Data excerpt:
*** Block opens ***
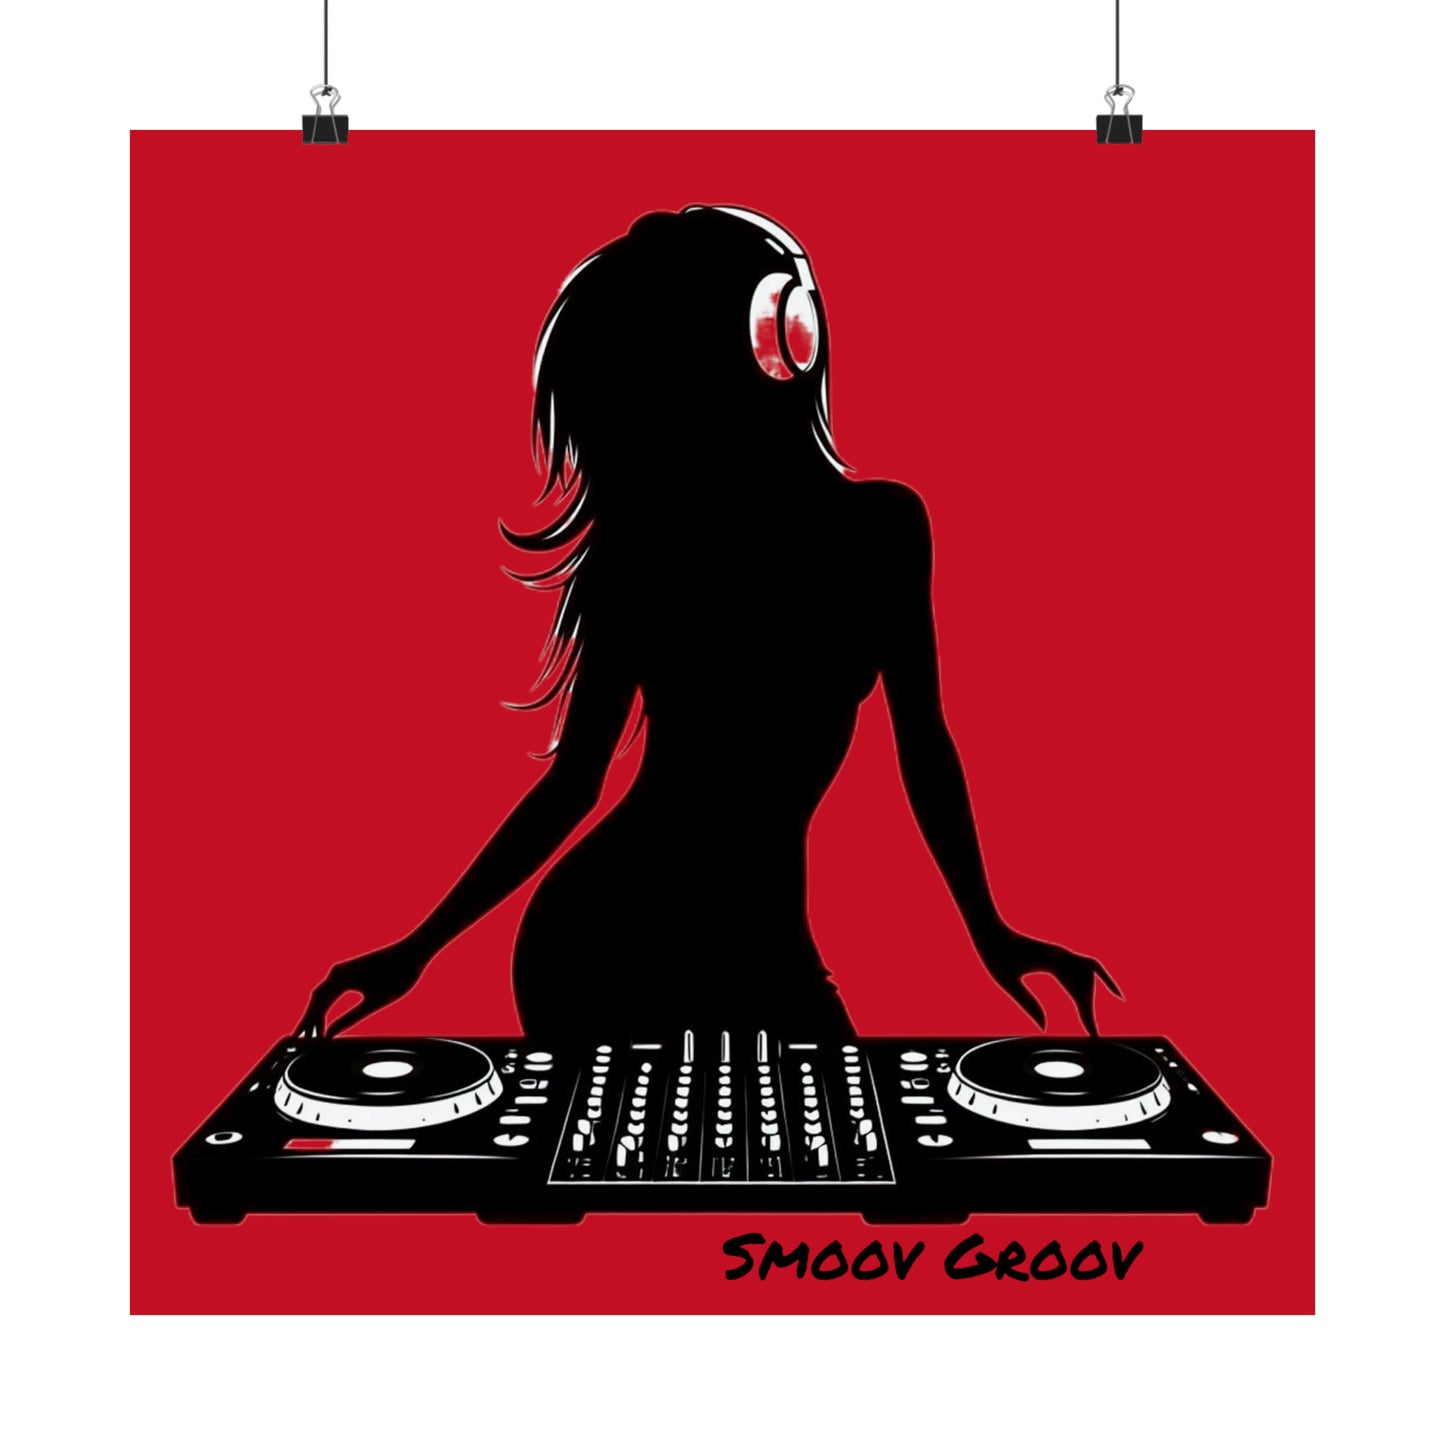 Smoov Girl Groov DJ in red
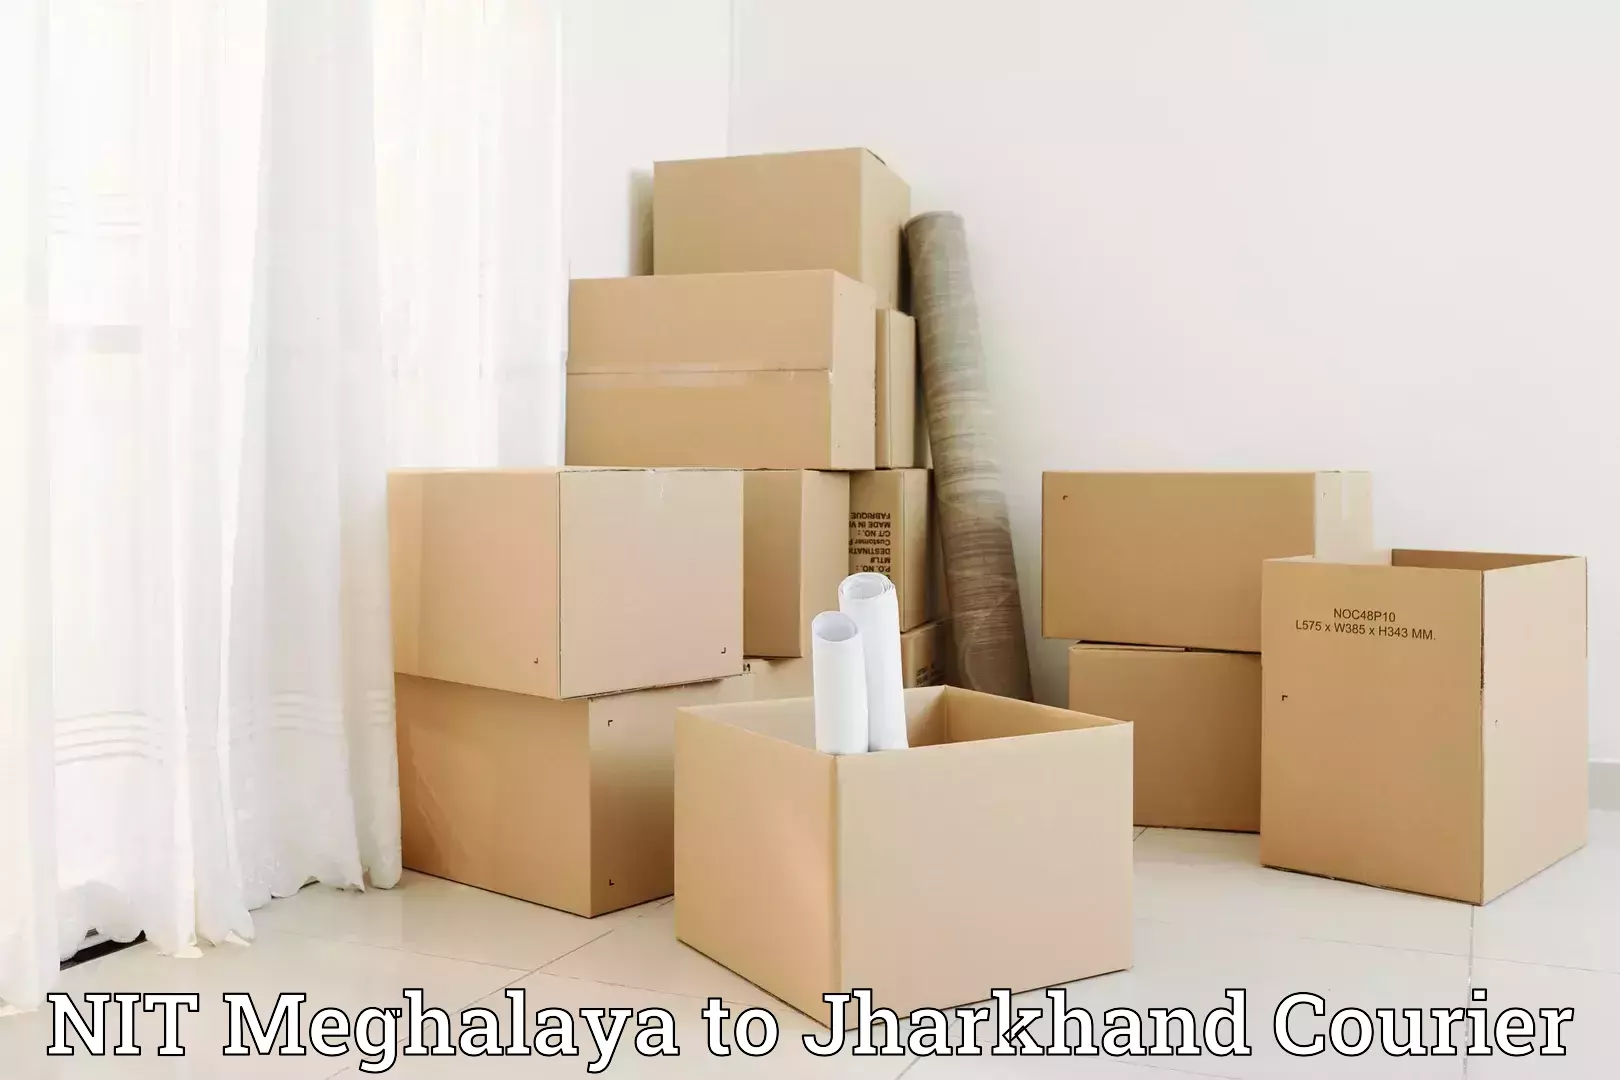 Professional moving company NIT Meghalaya to Chandwa
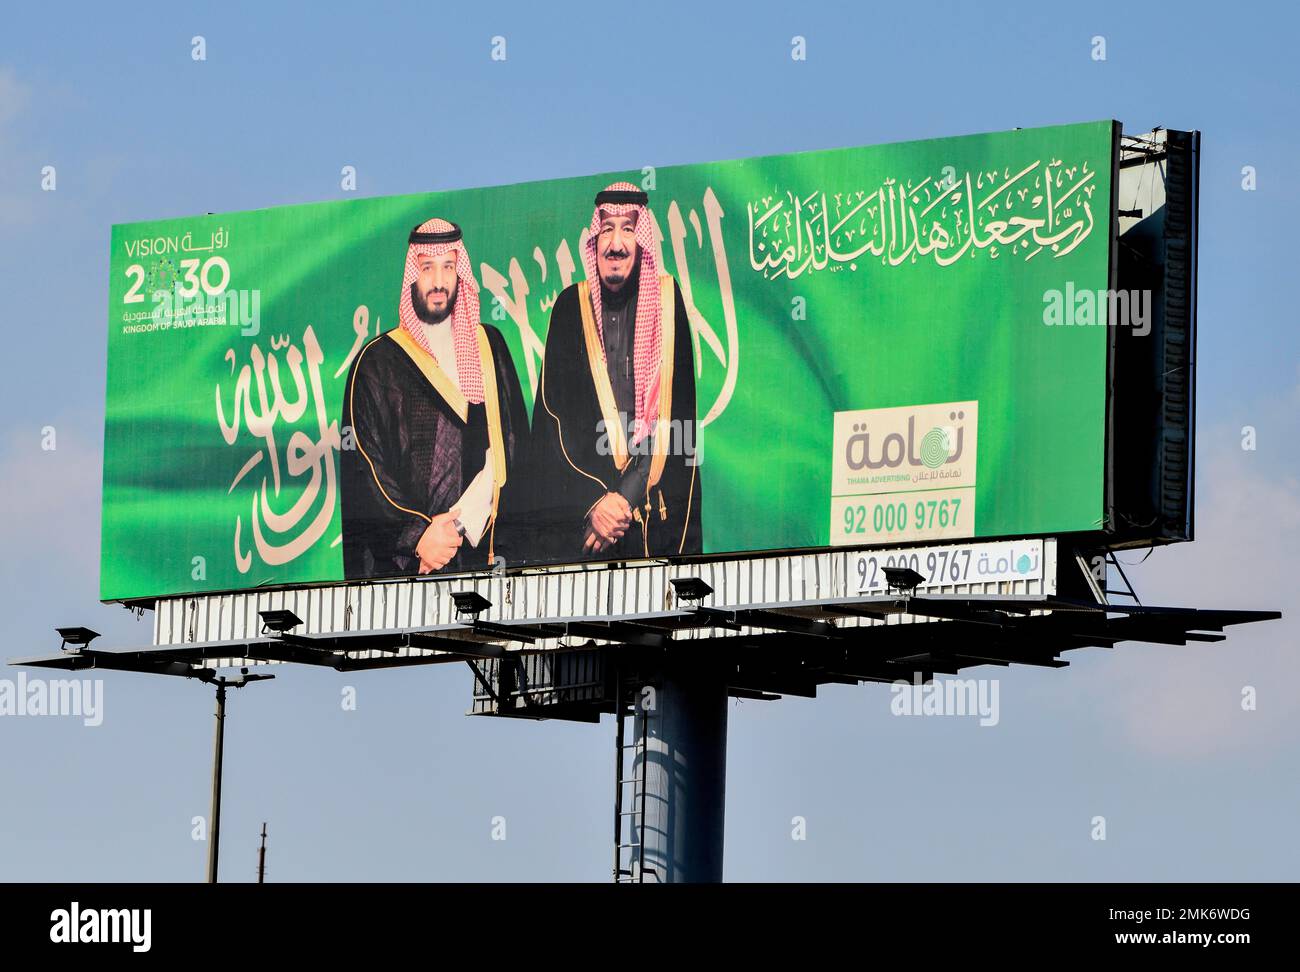 Poster, King Salman bin Abdulaziz Al Saud and Crown Prince Mohammed bin Salman Al Saud on a billboard, Vision 2030, Dammam province Ash-Sharqiyyah Stock Photo
*** Block closes ***
Give the data above again, exactly and completely. No pictures go in.

 Smoov Girl Groov DJ in red
 Professional moving company NIT Meghalaya to Chandwa
 Poster, King Salman bin Abdulaziz Al Saud and Crown Prince Mohammed bin Salman Al Saud on a billboard, Vision 2030, Dammam province Ash-Sharqiyyah Stock Photo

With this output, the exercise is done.